不意を突かれた訳でもないのに、男が己の手を取るのを躱せなかった。
「今宵、思い掛けずこれ程の婀娜めく麗人に出会えるとは! 羞月閉花、仙姿玉質とは汝の為にある言葉だろう! 何処から来た? 名は何という? これを機に縁を持ちたい」
魅琴は右腕を掴まれた瞬間、一瞬それが自分の体でなくなったと錯覚する程の、凄まじい主体意思の剥奪感に苛まれた。
この男と対峙することそのものが生殺与奪権を明け渡すことを意味するような、得体の知れない浮遊感が全身を駆け巡る。
「この稀なる夜を、是非朝まで共にしたい。俺に誘われるとは、汝も運が良いな。さあ、来るが良い」
魅琴は男の眼を見た。
左右色違い、三つ巴型の重瞳という異様、然れど曇り無く澄んでいる。
四字熟語の比喩を返すなら柳緑花紅、生の儘の汚れ無き眼差しが魅琴に注がれている。
おそらく、この男はただ純粋に魅琴を欲していた。
「どうした? 恥入ることはないぞ?」
「申し訳ありませんが、人を待たせておりますので」
魅琴は丁重に断ろうとする。
いきなり手を掴まれるという無礼にも拘わらず、努めて穏便に済まそうとするのは鷹番夜朗相手と同じ対応だ。
しかしあの時とは違い、魅琴は密かに覚悟せざるを得なかった。
(今回ばかりは……拗れたら本当に拙いな)
そんな魅琴の胸中など露知らぬ、といった様子で、男は怪訝そうに首を傾げる。
「ならばその者を伴っても構わんぞ? 下々の者と戯れる為の酒宴なのだ。その後のことは酒席で話せば良い」
「御言葉ですが、大事な用事があるのです」
男は眉間に皺を寄せ、益々深く首を傾げる。
「異な事を言う。この俺の誘いに増して優先すべき事柄が果たしてこの世に幾つ在る。一体何を憂える必要があろうか」
「皆まで言わせないでいただきたいですね。私は貴方の顔を立ててあげているのですよ」
三度目となると、流石に断りの言葉から棘を隠せなくなる。
次ははっきりとした拒絶を叩き付けなければならない、またしても一悶着か、と魅琴は臍を固めた。
男は大層驚いた様子で魅琴から手を放し、顎に手を当てて考え込んだ。
「敷島」
「は」
「どういうことだ?」
「私も、貴方様に対するあまりの無礼な発言に驚いております」
「いや、言葉は大した問題ではないのだ。
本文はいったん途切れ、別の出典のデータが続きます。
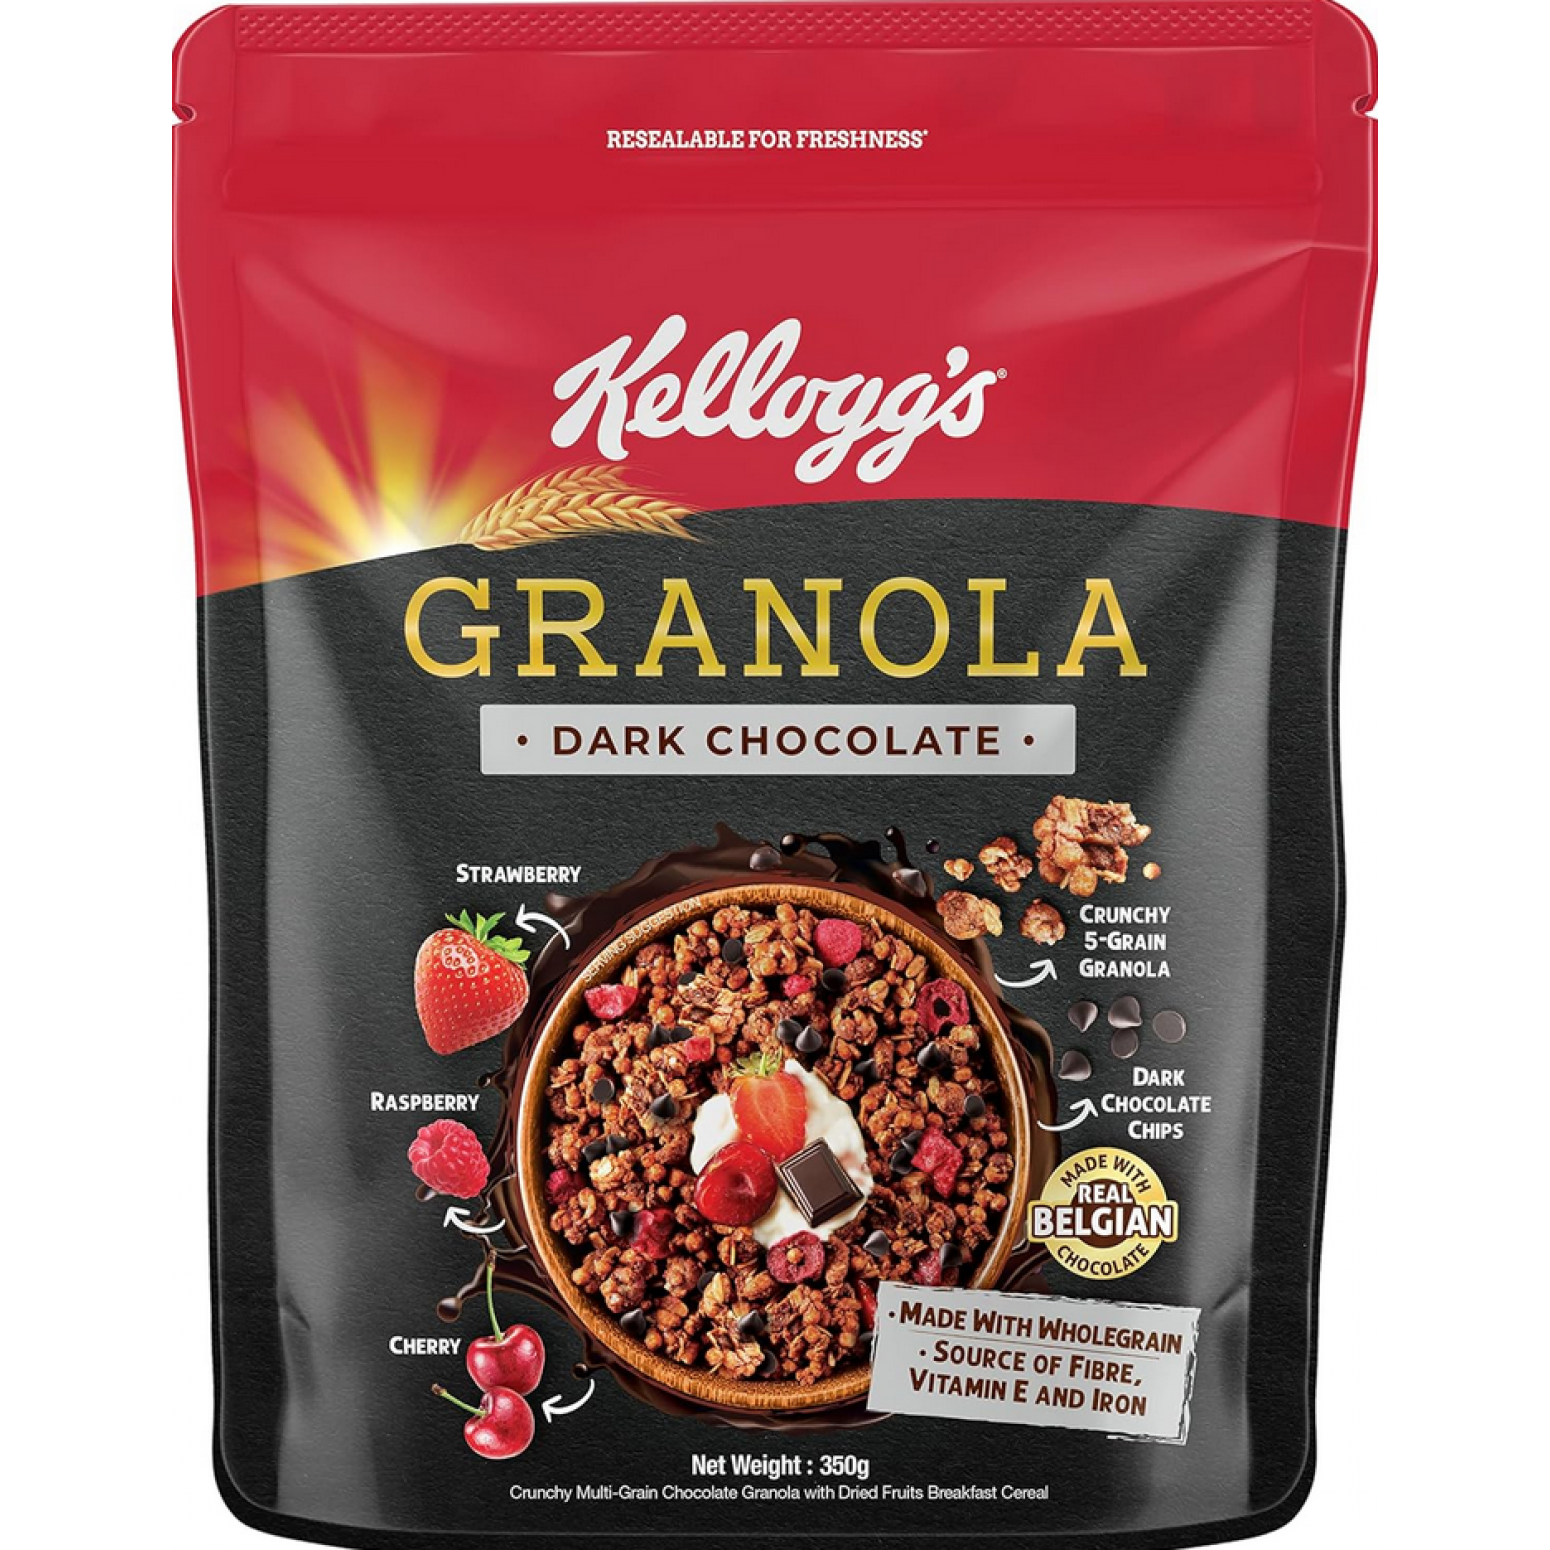 Kellogg's Dark Chocolate Granola 220g.

俺が不可解なのは、抑も何故これ程までに頑ななのか、ということだ。今まで俺の誘いを受けて悦ばぬ女など居なかった。貴龍院、汝はどう思う?」
「恐るべき痴れ者、と申し上げるより他はありませんわね」
二人の女が男の脇から魅琴に迫り、腰の刀に手を掛けた。
「如何なさいまするか? この無礼千万な女、斬り伏せますか?」
「掛けまくも畏き貴方様のお誘いを袖にするとは許せませんわ。斬り捨てて朽ち葬りましょう」
「無礼千万はそちらでしょう。掛けまくも畏き、とは随分と恥知らずな形容だこと。とんだ痴れ者だわ」
とうとう明確に喧嘩を売ってしまった。
いや、先に害意を向けてきたのは二人の女であるから、この場合は喧嘩を買ったと言うべきか。
兎に角、魅琴は戦いに備えて気を張り詰めた。
(この二人の女、確かに強い。けれどもこいつらは一蹴出来る。問題はこの大男。こいつには多分、逆立ちしても勝てない気がする)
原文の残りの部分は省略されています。